Гость пристально посмотрел в глаза профессору.
— Тогда почему же, — недоверчиво проговорил он, — во время битвы на Марне ваша фрау Кюри, я читал, перевезла свой запас радия из Парижа в Бордо, подальше от линии фронта? Чего она боялась?
Отто Ган постарался взять себя в руки. Если он сейчас же не выпроводит гостя, этот бессмысленный разговор может продлиться бог знает сколько времени.

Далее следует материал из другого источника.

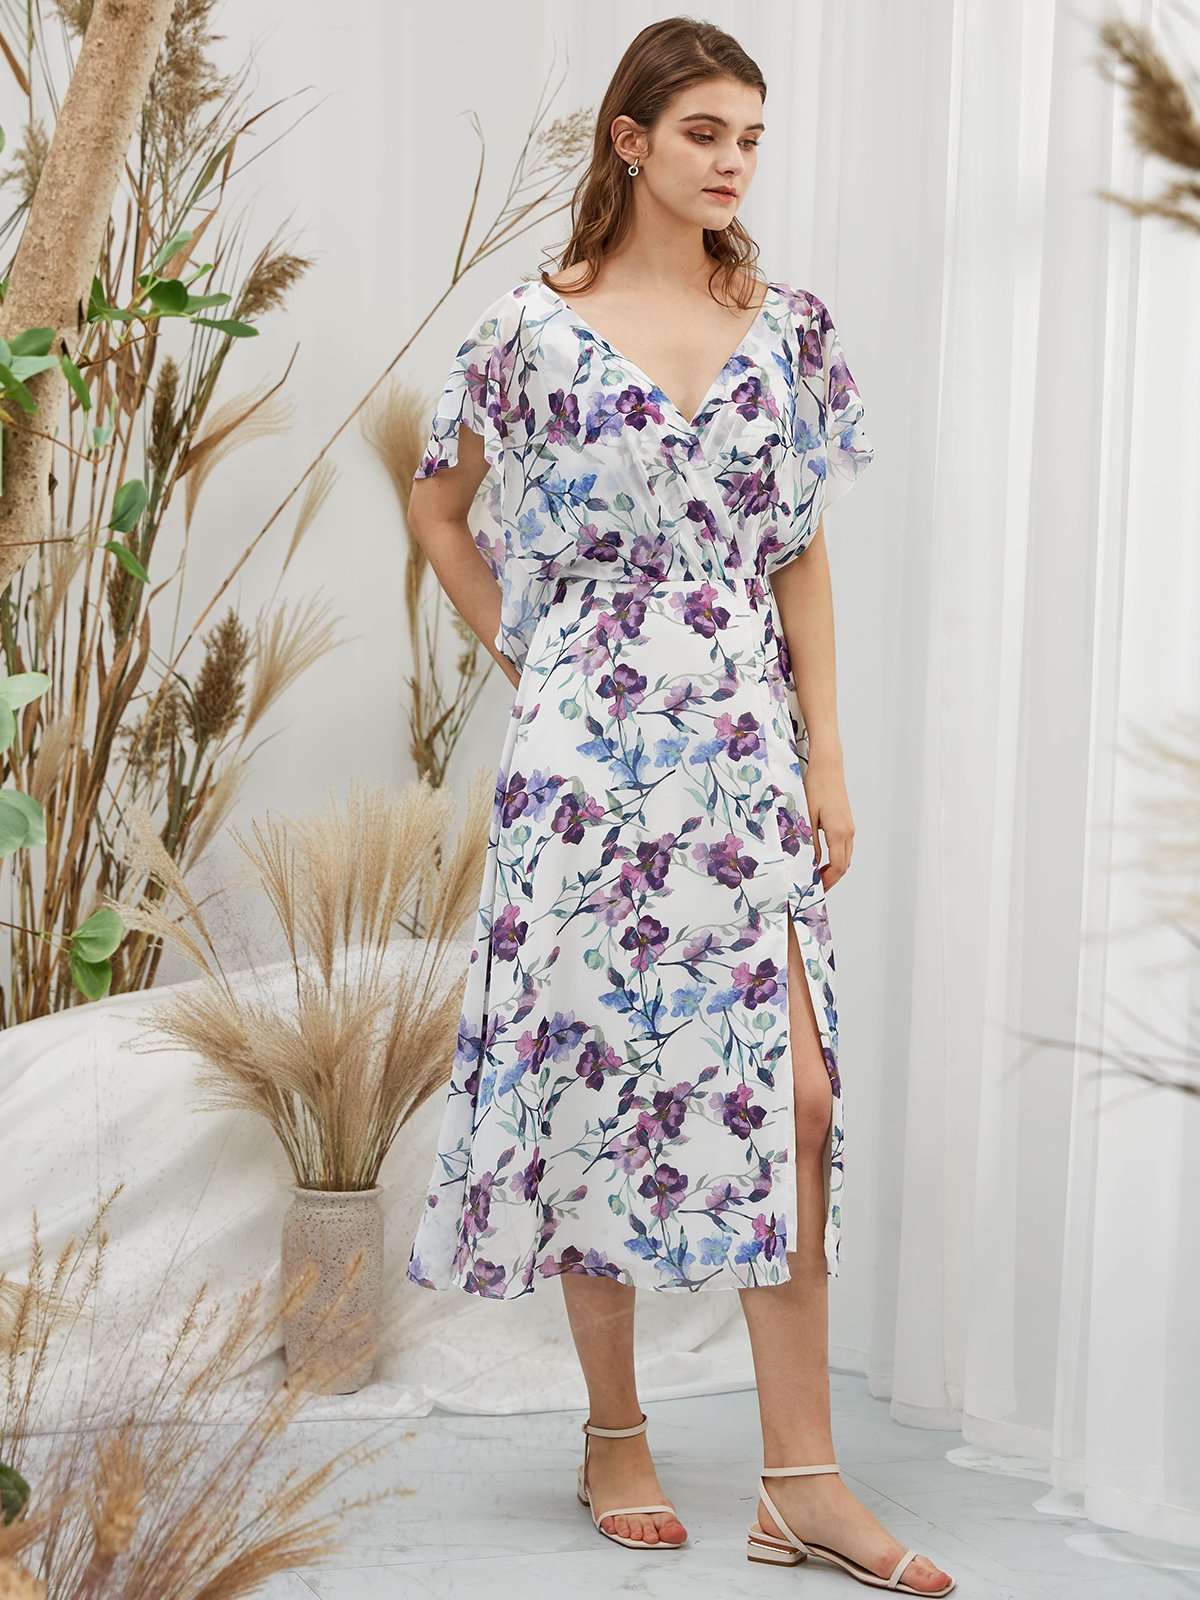 Formales Kleid mit Fledermausärmeln, V-Ausschnitt, Chiffon-Print, Blumenblau, Teelänge

— Одна десятая грамма чистой соли радия стоит сегодня пятнадцать тысяч долларов, — медленно, с нажимом произнес он. — Использование в военном деле такого дорогого элемента — даже если бы его и можно было как-то использовать в бомбах! — разорило бы даже богатую страну вроде Североамериканских Соединенных Штатов. Прошу вас, выкиньте из головы мысль о радиевой бомбе. Это чушь, бред, выдумка безграмотных газетчиков… Вы меня понимаете?
К счастью, внушительная сумма в долларах произвела на гауптмана впечатление.

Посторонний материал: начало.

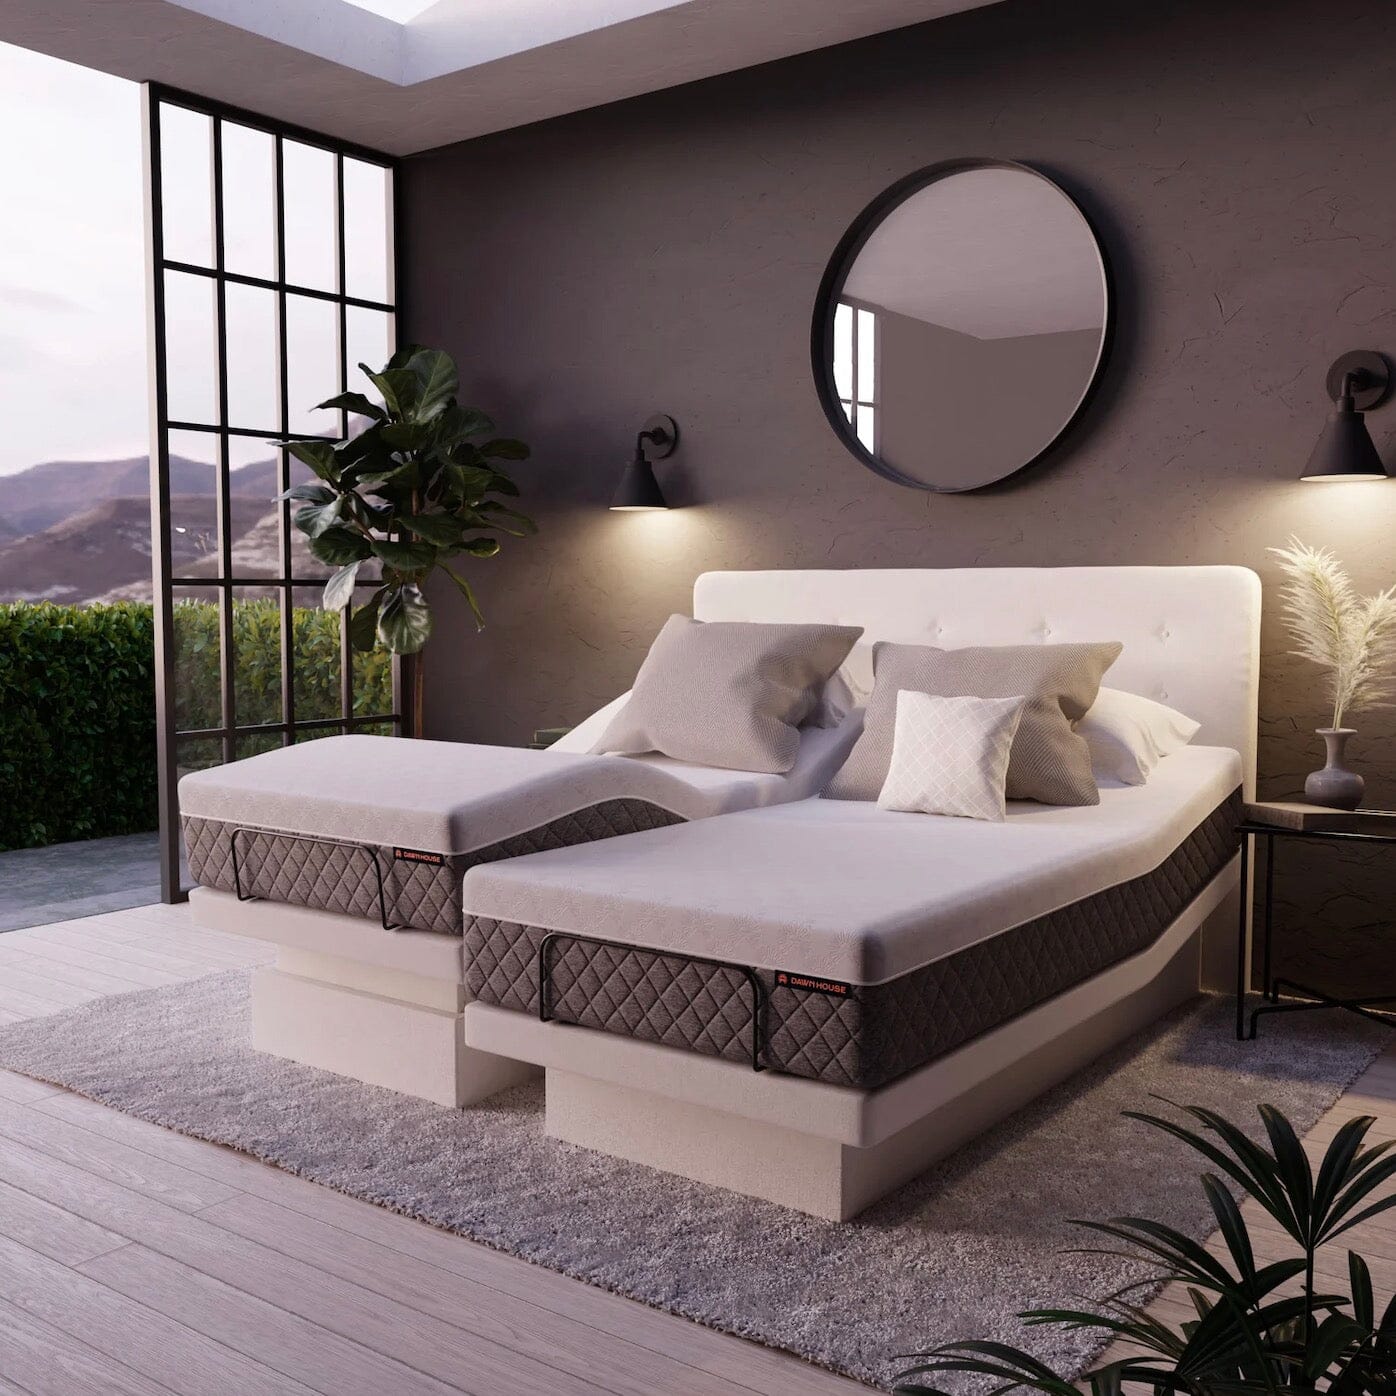 Dawn House Adjustable Hi-Low Smart Bed – Express Hospital Beds

— Пятнадцать тысяч, — забормотал он. — Это, если перевести в марки по сегодняшнему курсу…
— Именно, — подтвердил профессор Ган, радуясь своей сообразительности. — Дешевле делать бомбы из золота.
С этим словами он быстро собрал гауптмановы вырезки обратно в папку, сунул ее в руку гостю, подал ему трость и осторожно начал подталкивать к двери. Теперь гауптман не сопротивлялся, больше не спорил и позволил физику дать выпроводить себя на улицу.

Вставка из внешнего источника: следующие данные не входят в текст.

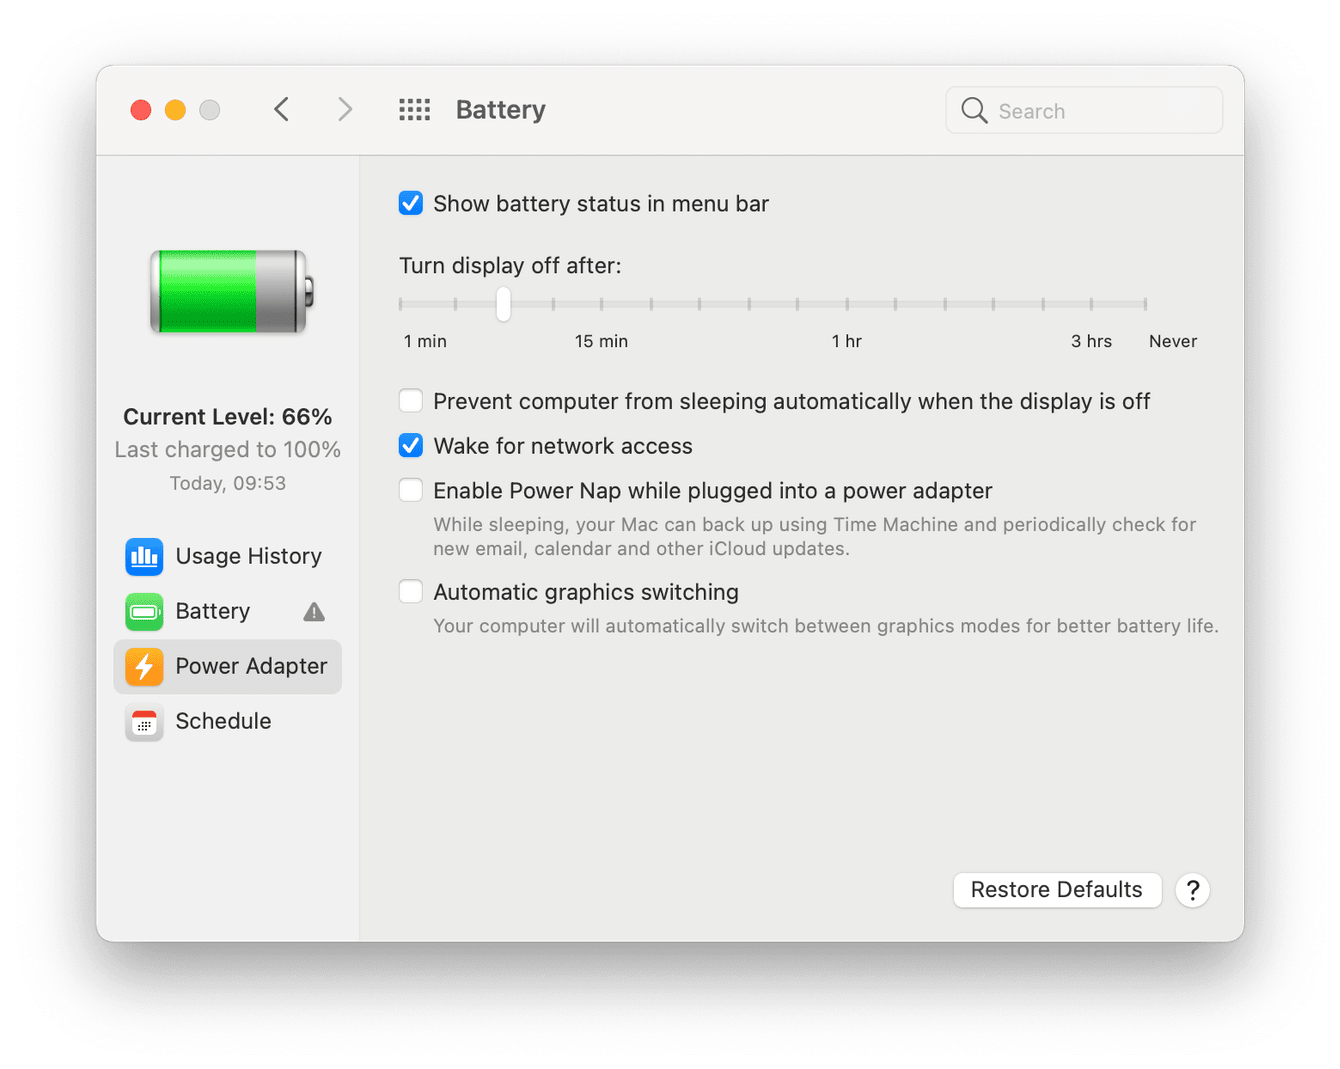 Mac battery preferences

Когда фрау Бюхнер, нагруженная свертками, вернулась с базара, она застала герра профессора в бодром расположении духа. Лист бумаги, лежащий на столе перед ним, был исписан почти до конца. Раздражение, вызванное нелепым спором с хромоногим гауптманом, неожиданно принесло свои плоды: формулировка, которая так долго не давалась в руки, теперь возникла в голове будто бы сама собой. «Явление ядерной изомерии» — вот как это будет называться. Да, именно так. «Лизе наверняка понравится, — подумал Отто Ган. — Она обожает четкость формулировок».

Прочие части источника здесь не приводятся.